With multi-threading however, that might give you some problems. One thread might have adjusted the value, and another thread, due to optimization, won't be reading this value for some time, because it knows it hasn't changed.
So when you flag a field as volatile you're basically telling the compiler that it shouldn't assume that it has the current value of this at any point, except for grabbing snapshots every time it needs the value.
Locks solve multiple-step operations, volatility handles how the compiler caches the field value in a register, and together they will solve more problems.
Also note that if a field contains something that cannot be read in a single cpu-instruction, you're most likely going to want to lock read-access to it as well.
For instance, if you're on a 32-bit cpu and writing a 64-bit value, that write-operation will require two steps to complete, and if another thread on another cpu manages to read the 64-bit value before step 2 has completed, it will get half of the previous value and half of the new, nicely mixed together, which can be even worse than getting an outdated one.
Edit: To answer the comment, that volatile guarantees the atomicity of the read/write operation, that's well, true, in a way, because the volatile keyword cannot be applied to fields that are larger than 32-bit, in effect making the field single-cpu-instruction read/writeable on both 32 and 64-bit cpu's. And yes, it will prevent the value from being kept in a register as much as possible.
So part of the comment is wrong, volatile cannot be applied to 64-bit values.
Note also that volatile has some semantics regarding reordering of reads/writes.
For relevant information, see the MSDN documentation or the C# specification, found here, section 10.5.3.
On a hardware level, multiple CPUs can never write simultanously to the same atomic RAM location. The size of an atomic read/write operation dependeds on CPU architecture, but is typically 1, 2 or 4 bytes on a 32-bit architecture.
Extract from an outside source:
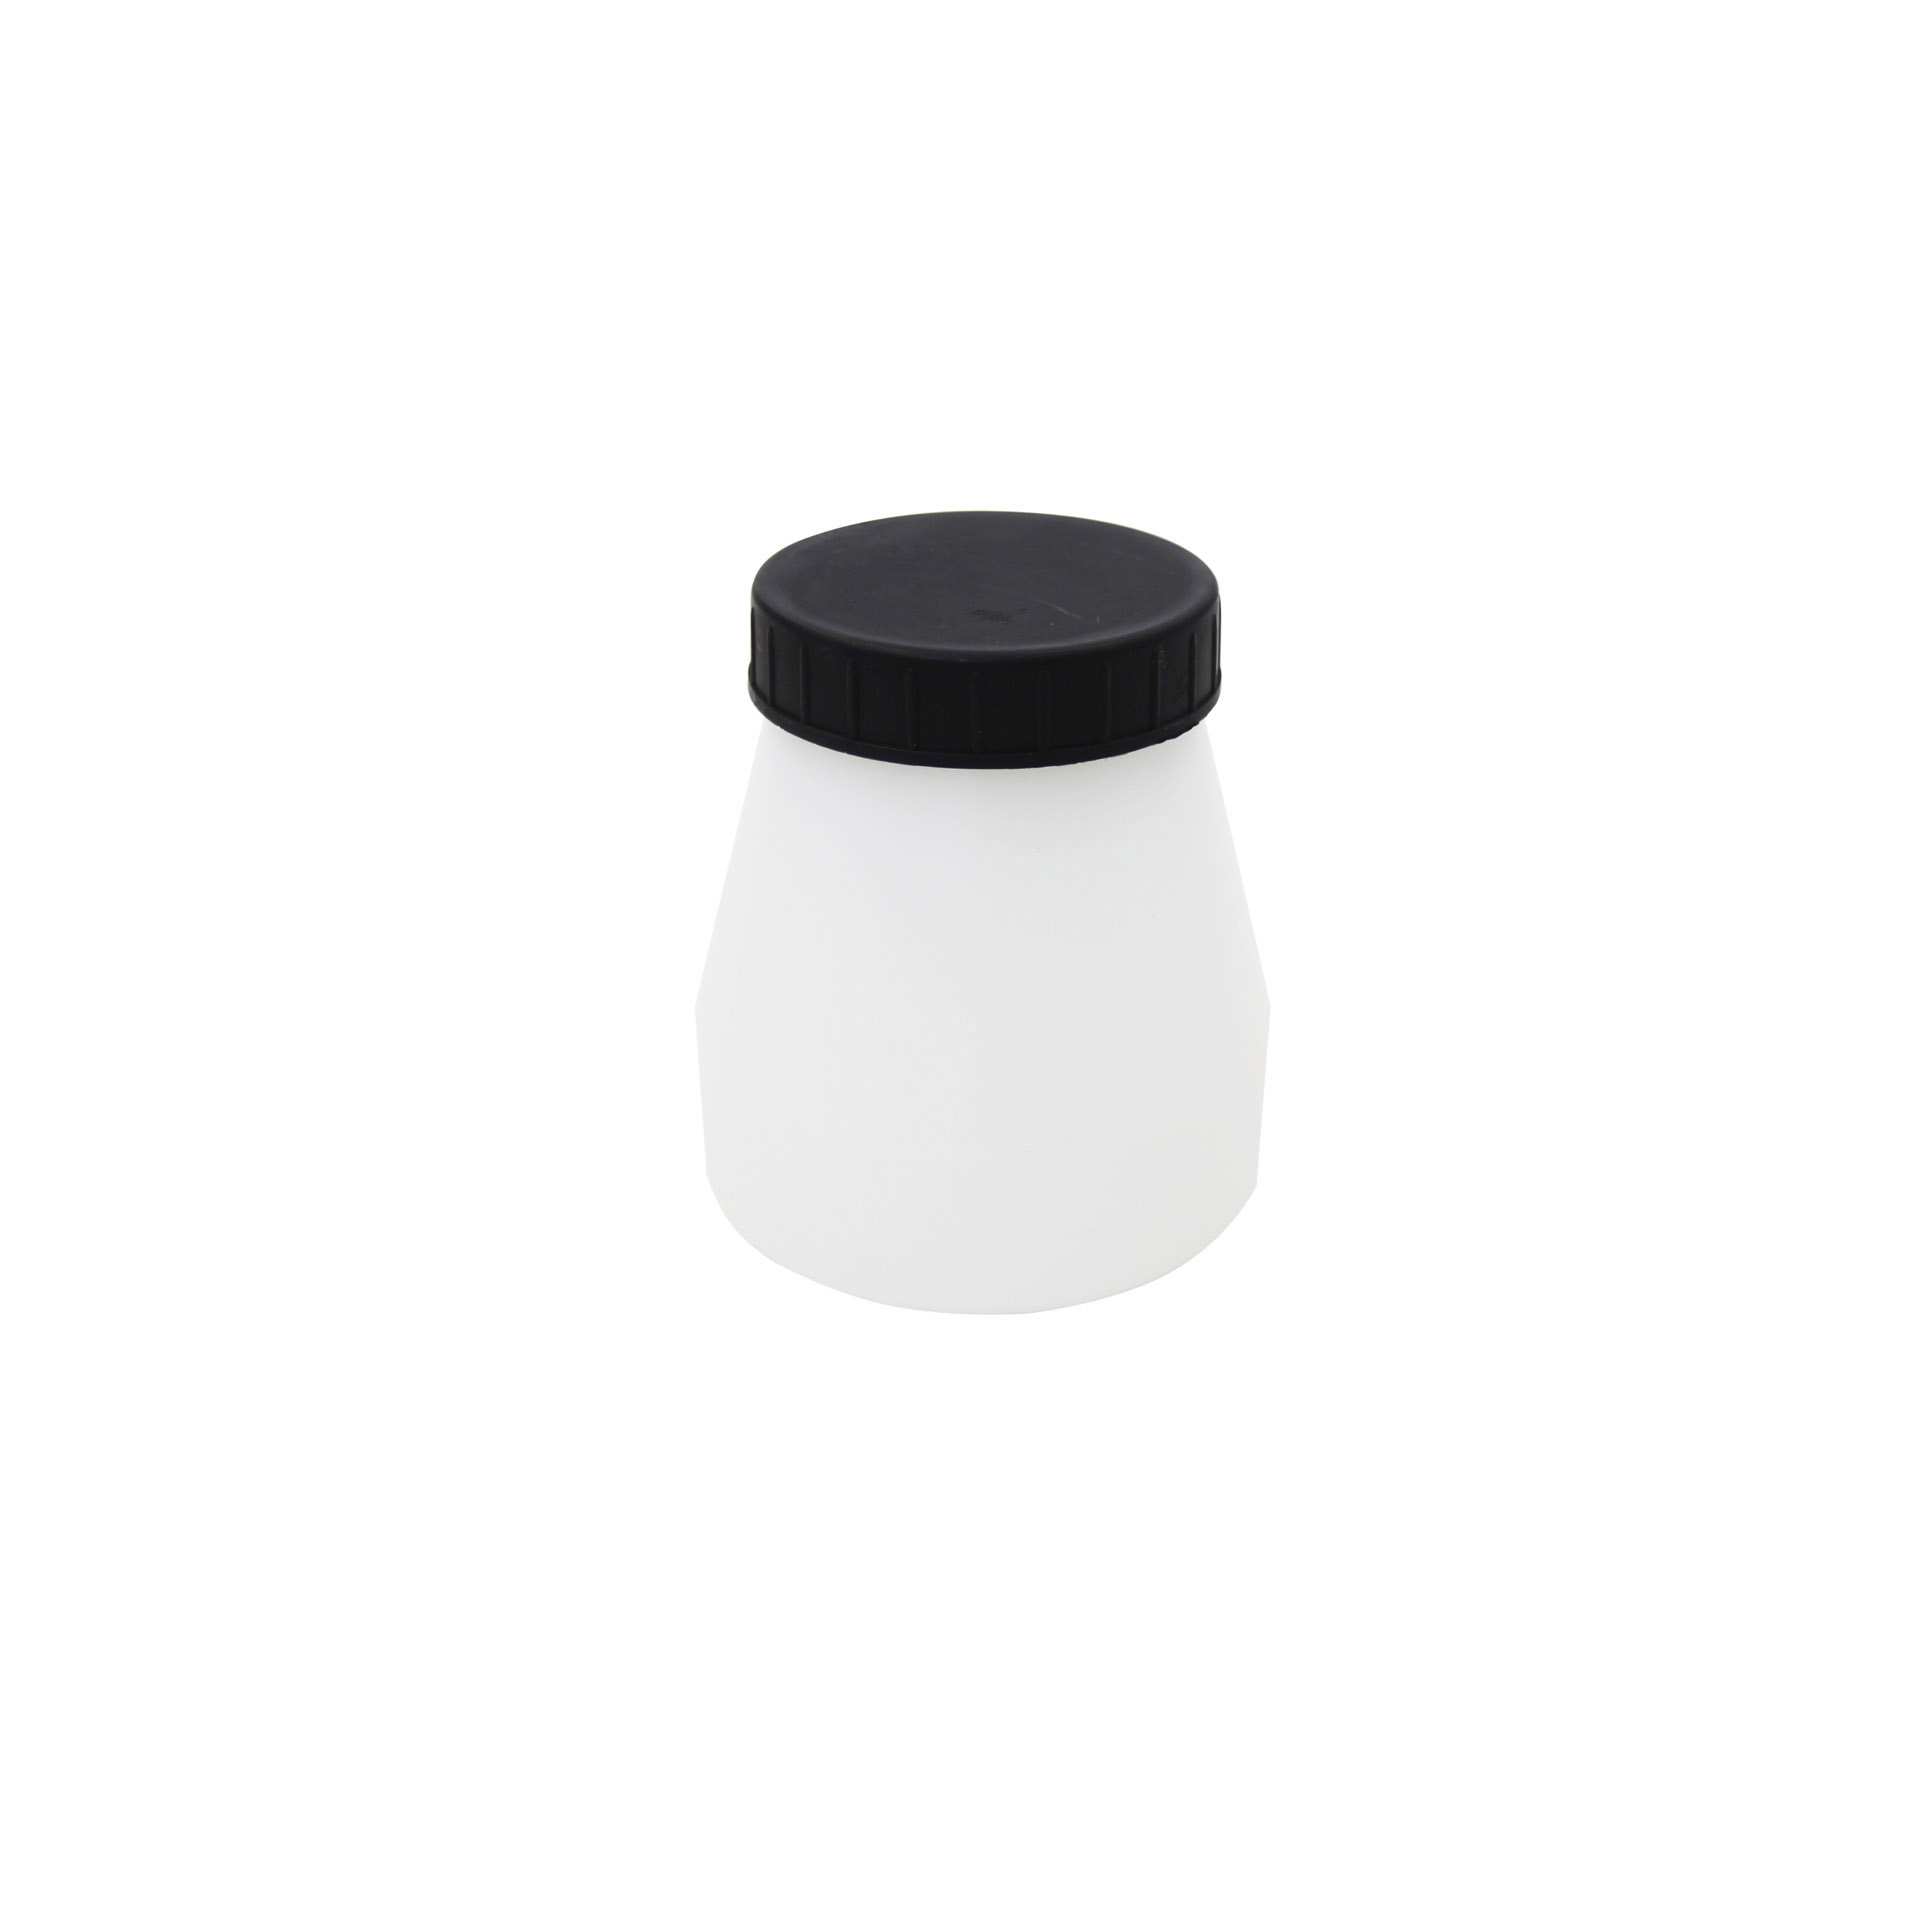 Ersatzbehälter - mit Deckel - Abm. 10,0 x 10,0 x 11,0 cm - Inhalt 0,55 l - Kunststoff - 153975-C

However, if you try reading the result back there is always a chance that another CPU has made a write to the same RAM location inbetween. On a low level, spin-locks are typically used to synchronize access to shared memory. In a high level language, such mechanisms may be called e.g. critical regions.
The volatile type just makes sure the variable is written immediately back to memory when it is changed (even if the value is to be used in the same function). A compiler will usually keep a value in an internal register for as long as possible if the value is to be reused later in the same function, and it is stored back to RAM when all modifications are finished or when a function returns. Volatile types are mostly useful when writing to hardware registers, or when you want to be sure a value is stored back to RAM in e.g. a multithread system.
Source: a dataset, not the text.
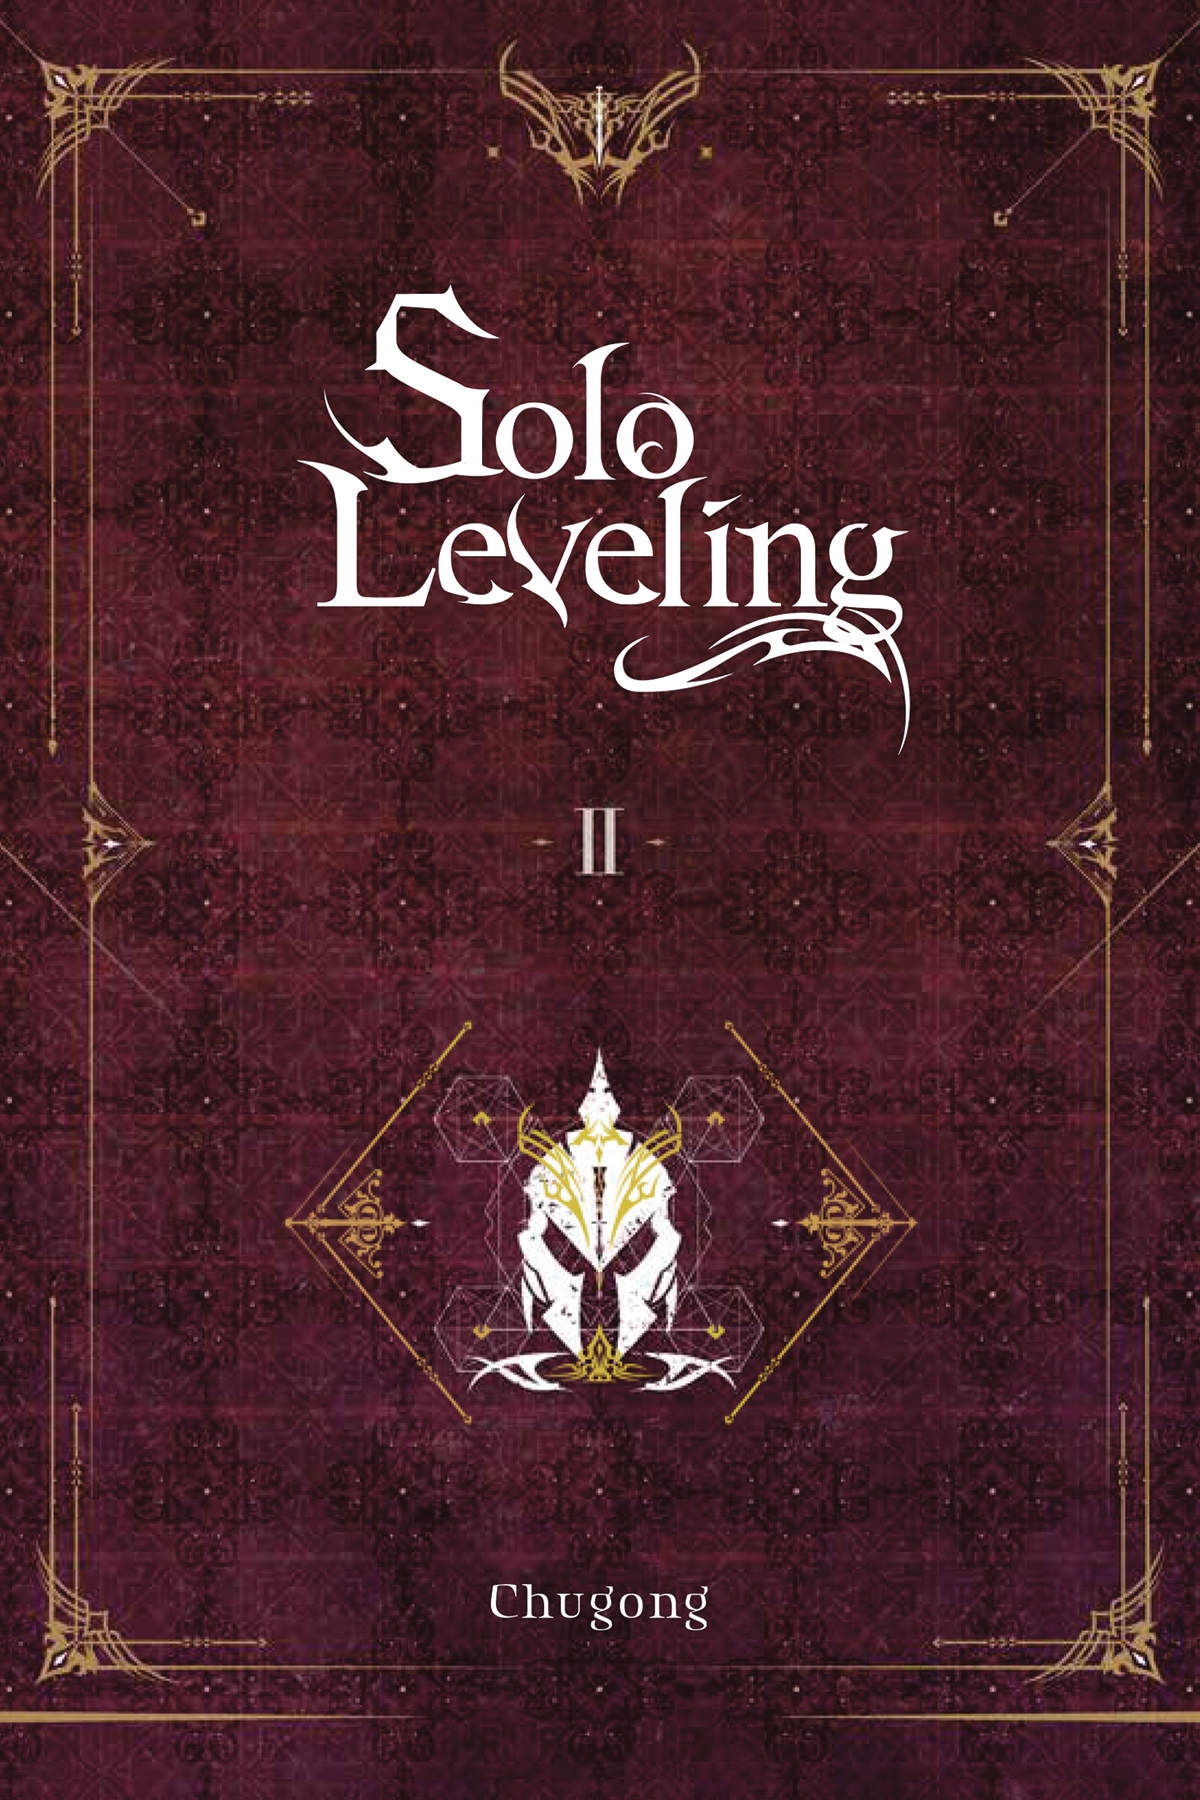 Solo Leveling Light Novel Volume 2

Your question doesn't entirely make sense, because volatile specifies the how the read happens, not atomicity of multi-step processes. My car doesn't mow my lawn, either, but I try not to hold that against it. :)
The problem comes in with register based cashed copies of your variable's values.
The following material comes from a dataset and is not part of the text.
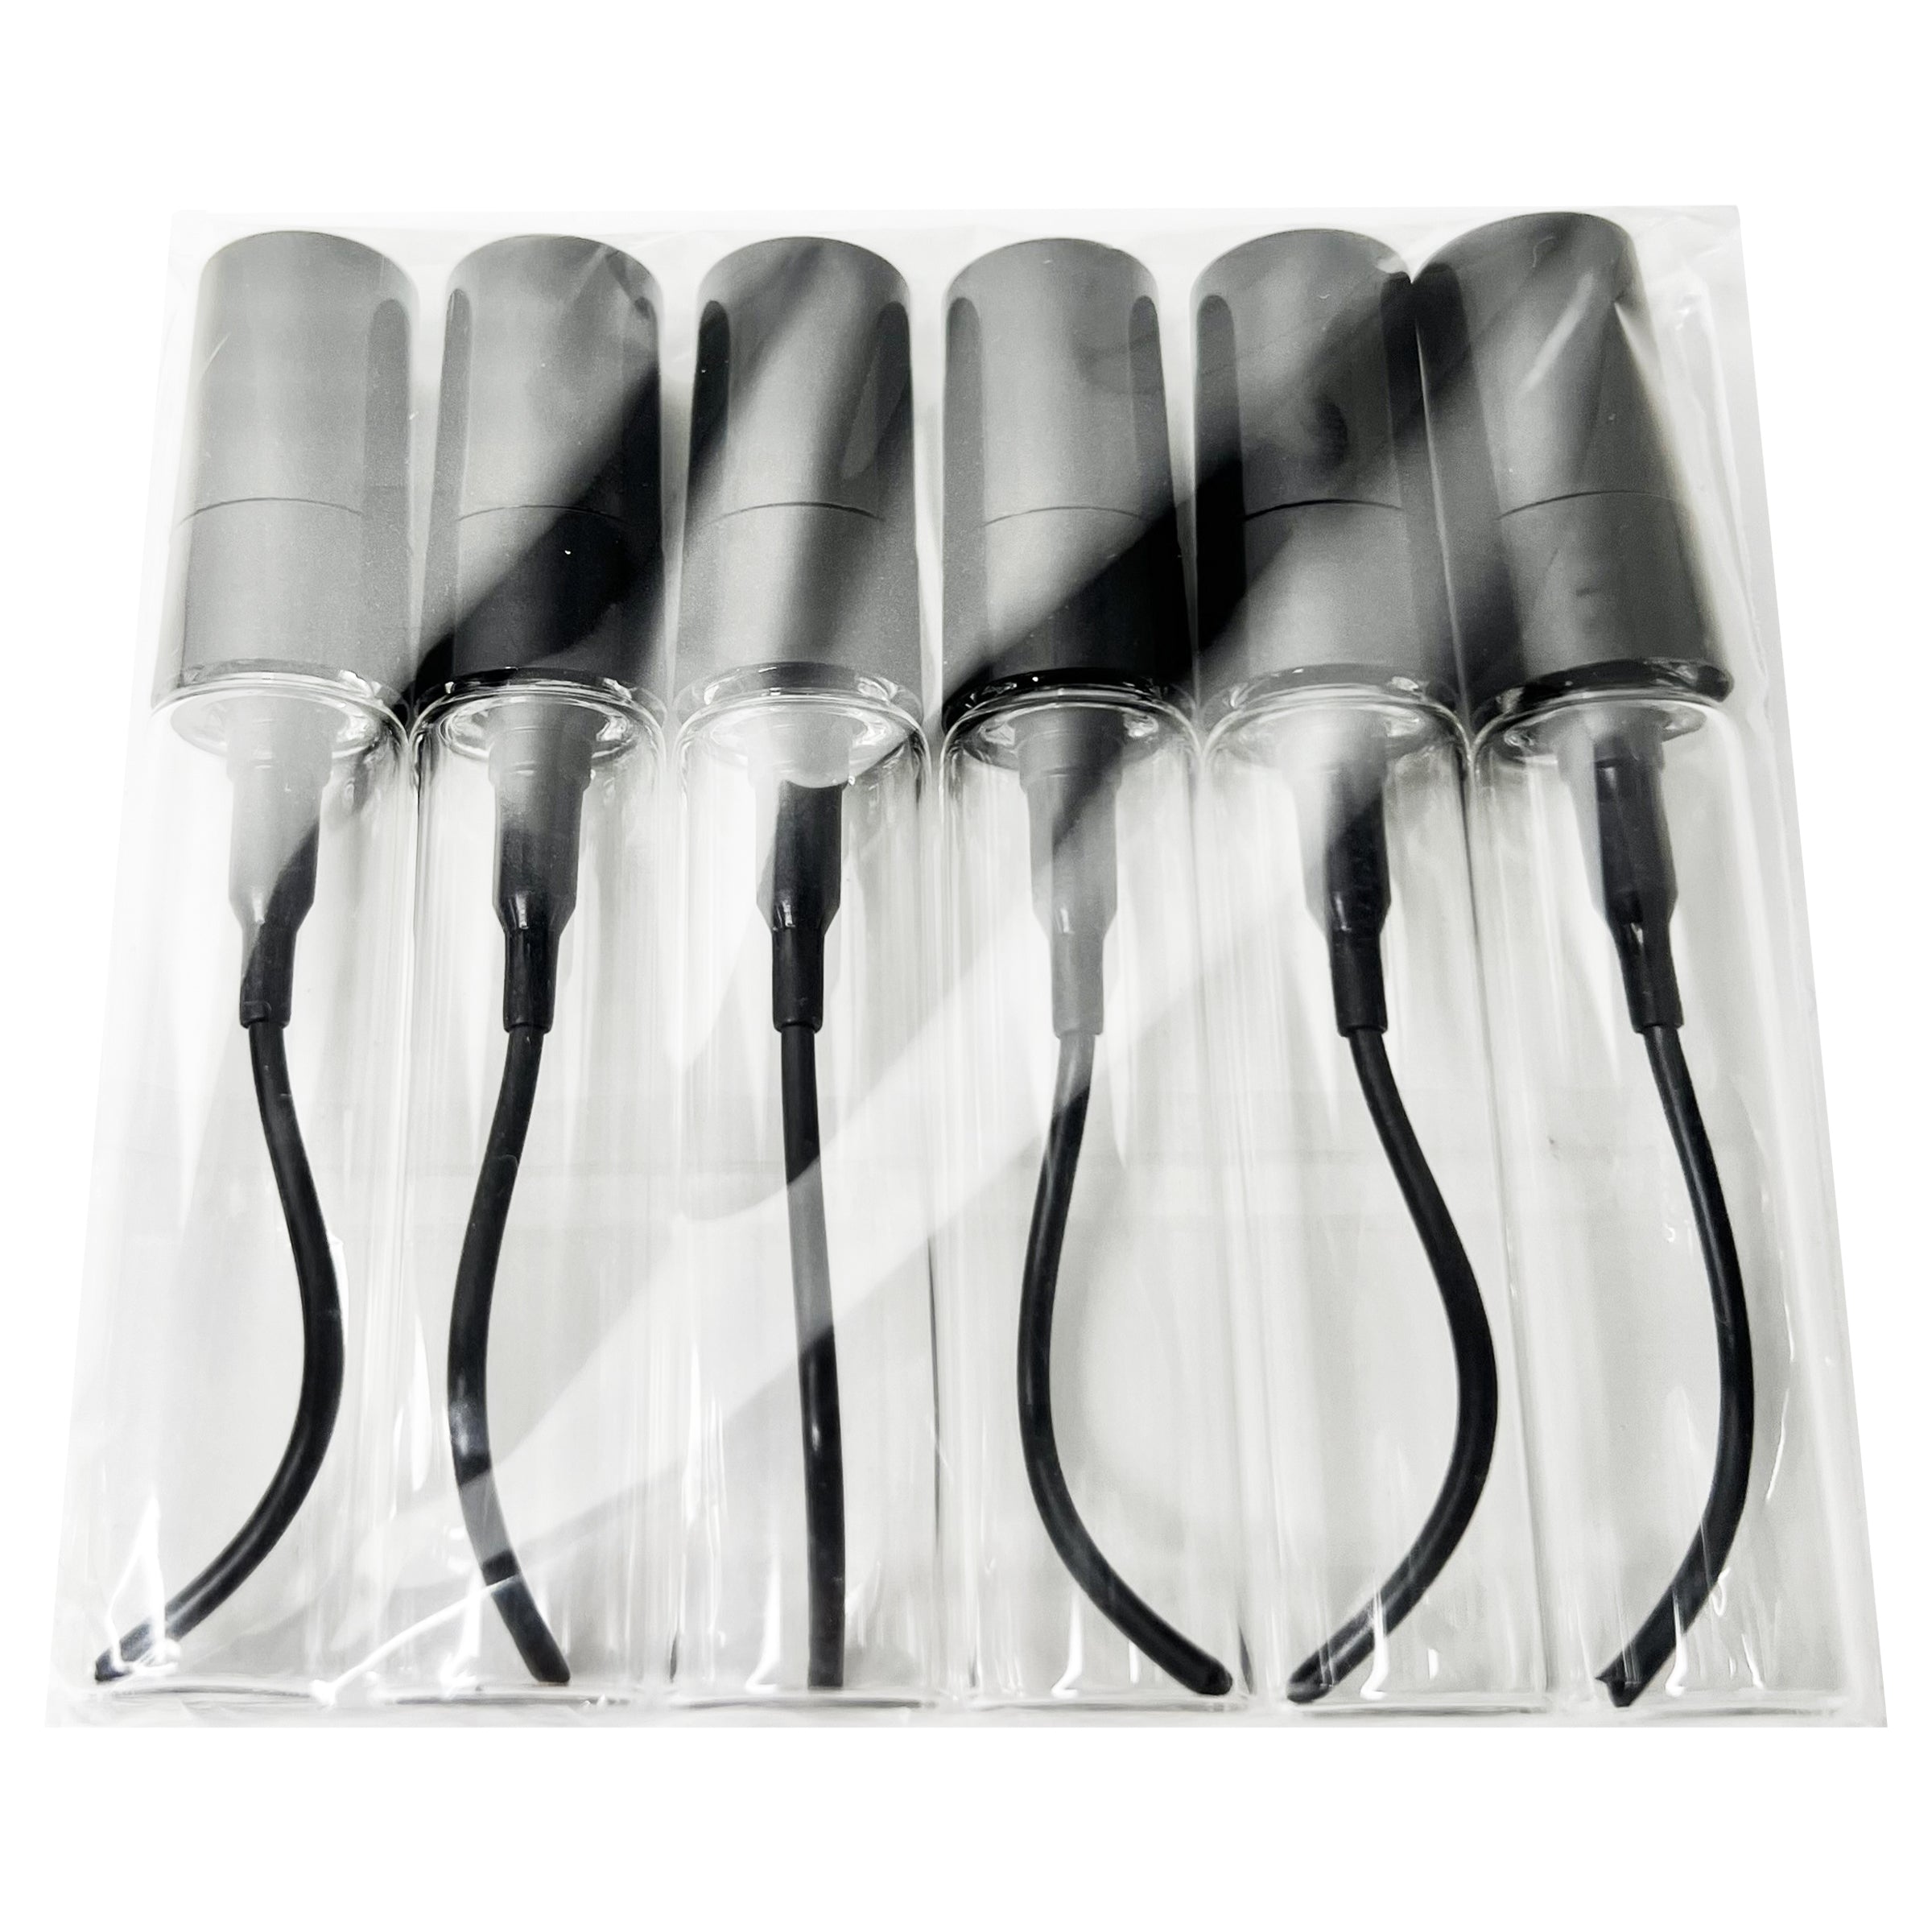 5ml 0.17oz mini glass bottles black tube sprayers for perfume oils

When reading a value, the cpu will first see if it's in a register (fast) before checking main memory (slower).
Volatile tells the compiler to push the value out to main memory asap, and not to trust the cached register value. It's only useful in certain cases.
If you're looking for single op code writes, you'll need to use the Interlocked.Increment related methods.. But they're fairly limited in what they can do in a single safe instruction.
Safest and most reliable bet is to lock() (if you can't do an Interlocked.*)
Edit: Writes and reads are atomic if they're in a lock or an interlocked.* statement. Volatile alone is not enough under the terms of your question
Volatile is a compiler keyword that tells the compiler what to do. It does not necessarily translate into (essentially) bus operations that are required for atomicity. That is usually left up to the operating system.
Edit: to clarify, volatile is never enough if you want to guarantee atomicity. Or rather, it's up to the compiler to make it enough or not.